When applying for payday loans, responsible lenders may run a credit check on your account to evaluate whether you are eligible for a loan or not. The Lenders List features more than 30 payday lenders and the majority of our partners run credit checks as part when making a decision on who gets a loan using credit reference agencies including Equifax, Experian and Callcredit.

By running a credit check, the lender is able to get an idea of how well the applicant has paid other forms of credit in the past such as credit cards, bank loans or mortgage repayments. By understanding the individual’s payment history better, this gives the lender a better indication as to whether they are eligible for a loan or not. Based on the results of the credit check, they can fund the loan, decline the loan or using the credit check to assess affordability (how much the customer can afford), they can change the amount they wish to offer the borrower.

How payday loans affect your credit score

A credit rating or credit score is a numerical expression based on how someone has paid various forms of credit in the past. Some lenders will have it set up in the system to only accept customers with a certain credit score. A score of over 800+ is deemed a very good credit score whereas a score below 600 suggests a very bad credit score.

The first thing that happens as soon as a payday lender checks your credit score is that a footprint is registered on your account. This is like leaving a little mark on your credit file so for any other companies checking your credit too, they can see that you have applied for a payday loan. The footprint from a lender disappears approximately 12 months after the search has been made.

Some lenders won’t think much of this footprint but some other lenders may take this into account when you make your next application. A one-off payday loan application is not going to majorly affect your ability to obtain other sources of credit however applying for numerous payday loans in a short space of time may suggest to another lender that you desperately need funds and your finances are under pressure. This issue is addressed in a question and answers forum on the Experian website on the topic of ‘Do payday loans damage your credit rating.’

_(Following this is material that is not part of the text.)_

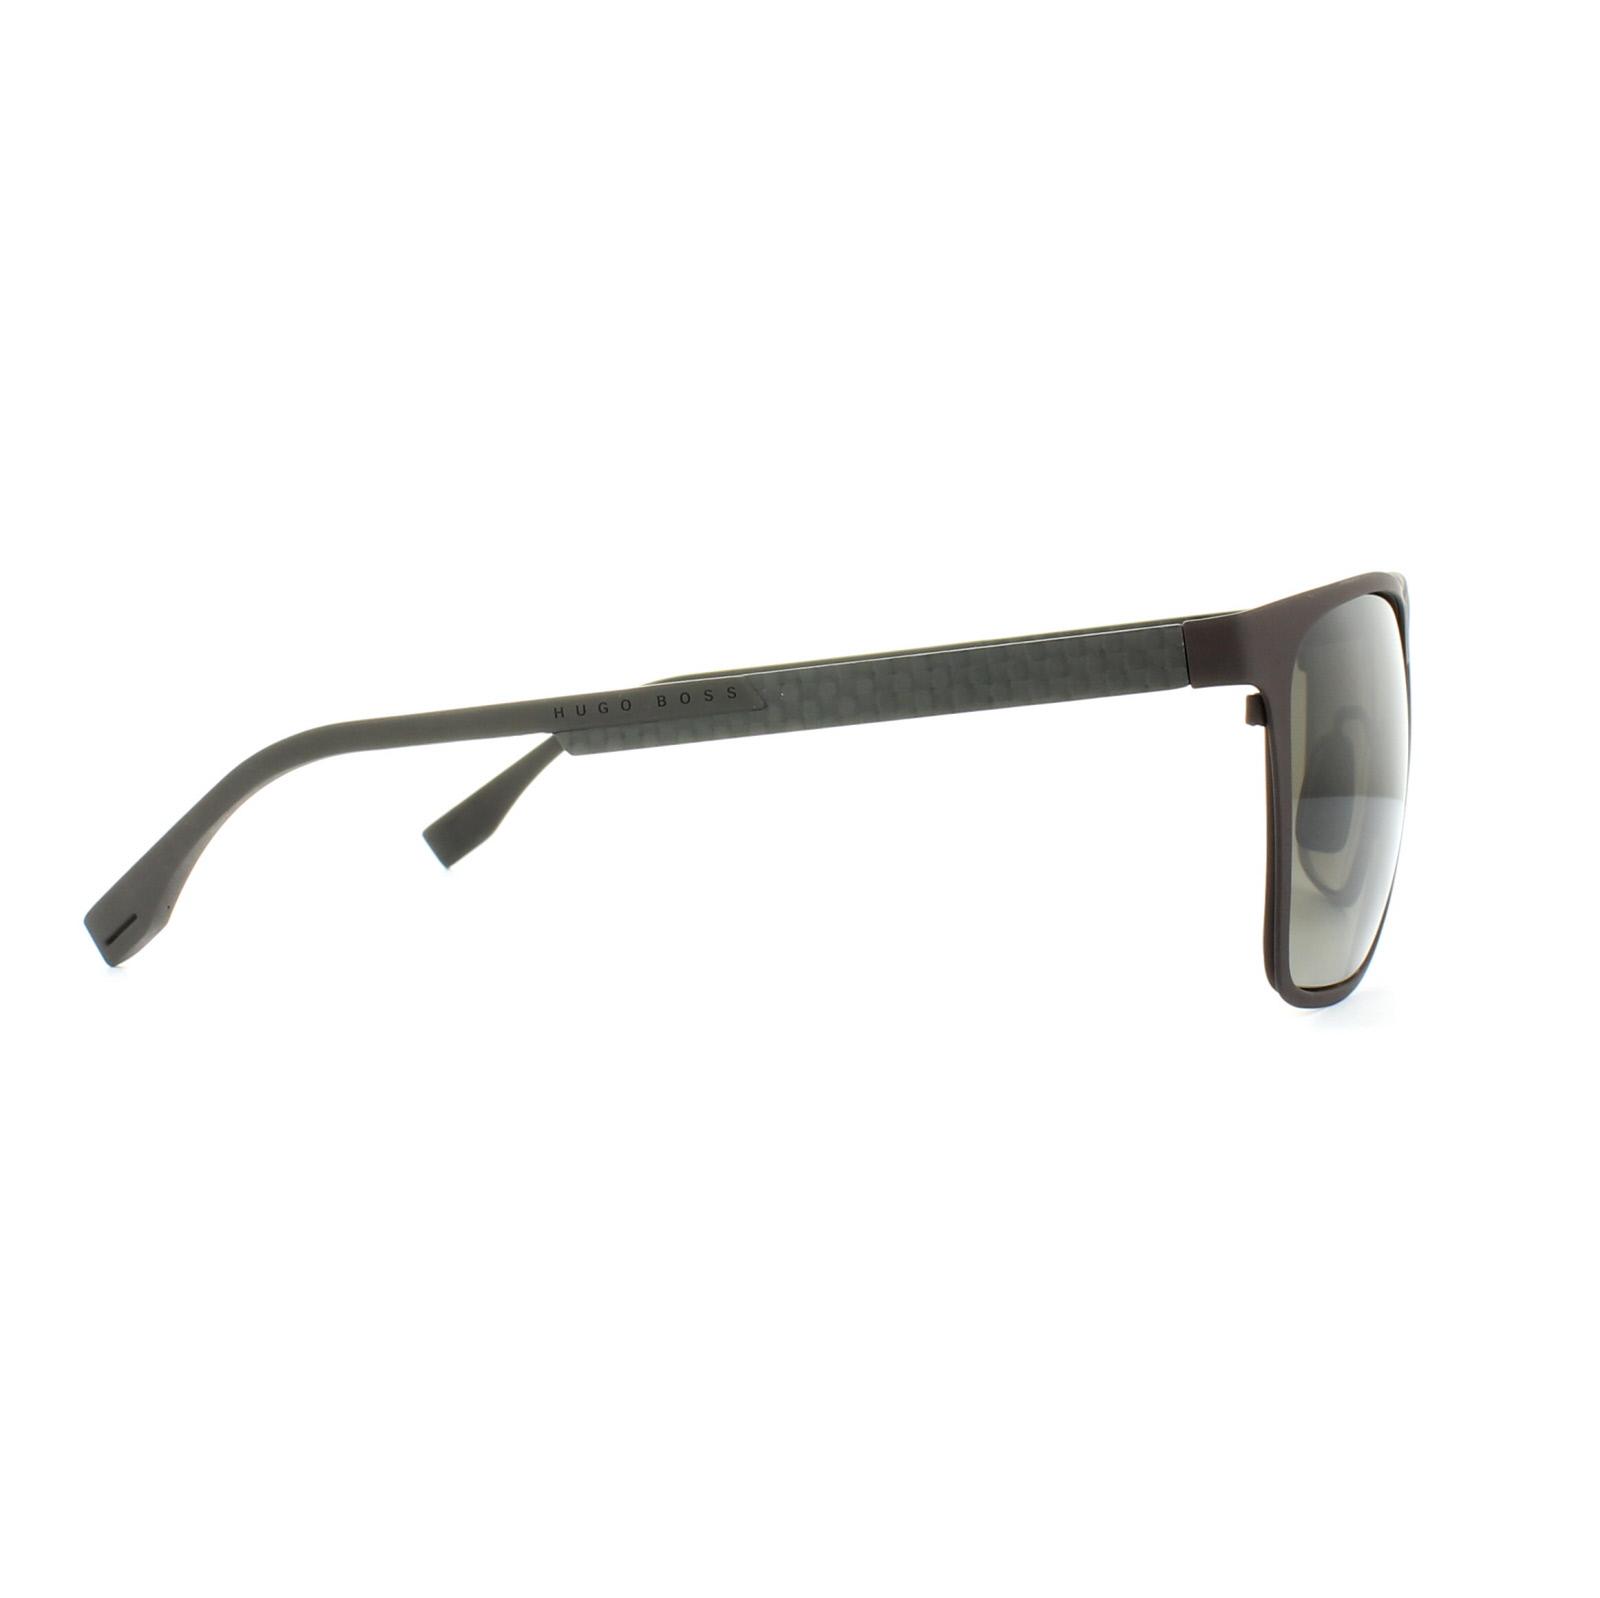 Sentinel Hugo Boss Sunglasses 0732 KCR HA Matt Brown Carbon Brown Gradient f914245cfe72
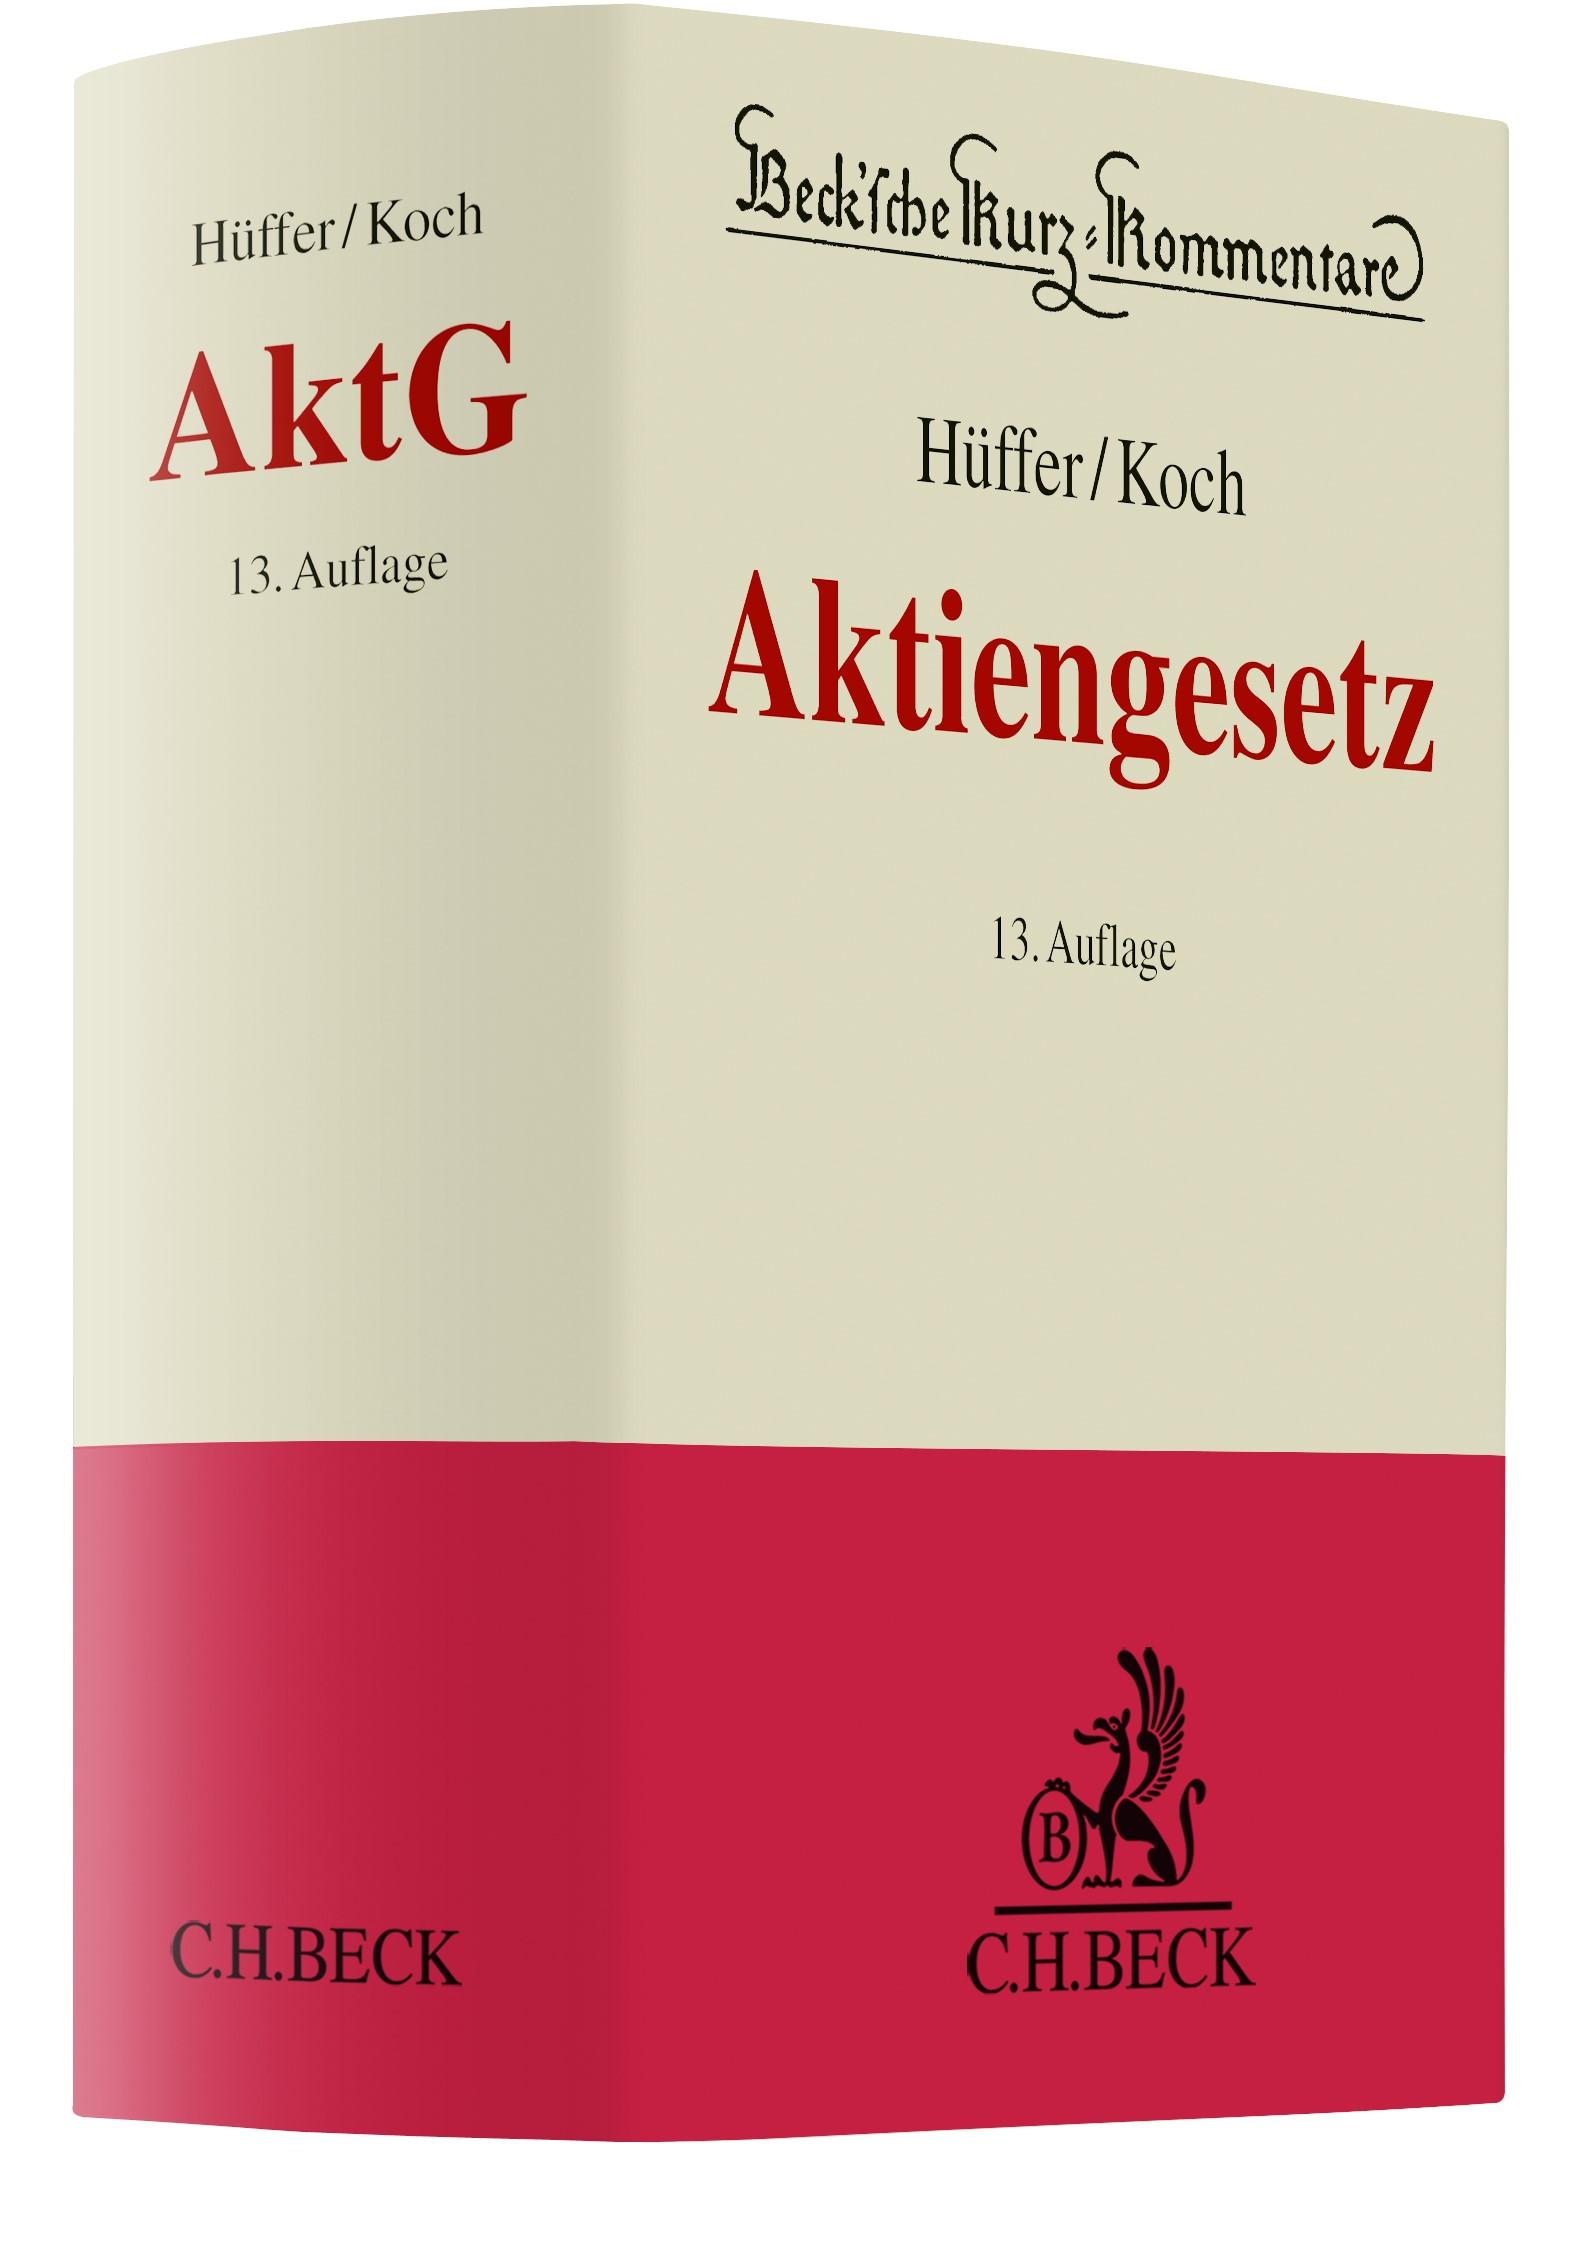 Aktiengesetz: AktG | Hüffer / Koch | 13. Auflage, 2018 | Buch (Cover)

Are payday loans good for your credit score?

Payday loans can be good for your credit score but they can also be bad. When you look at from the footprint perspective, having numerous footprints on your file from payday loan companies may prevent you accessing credit from other lenders for things like car loans and mortgages etc. However, since the idea of a credit rating is based on how well you have repaid loans in the past, if you are able to repay your payday loans on time, this may improve your credit score and therefore improve your ability to obtain future credit. It is very simple: if you are applying for a payday loan and the lender runs a credit check on your account and can see in your history that you have paid other short term loans on time, they will more likely fund your loan.

Are payday loans bad for your credit score?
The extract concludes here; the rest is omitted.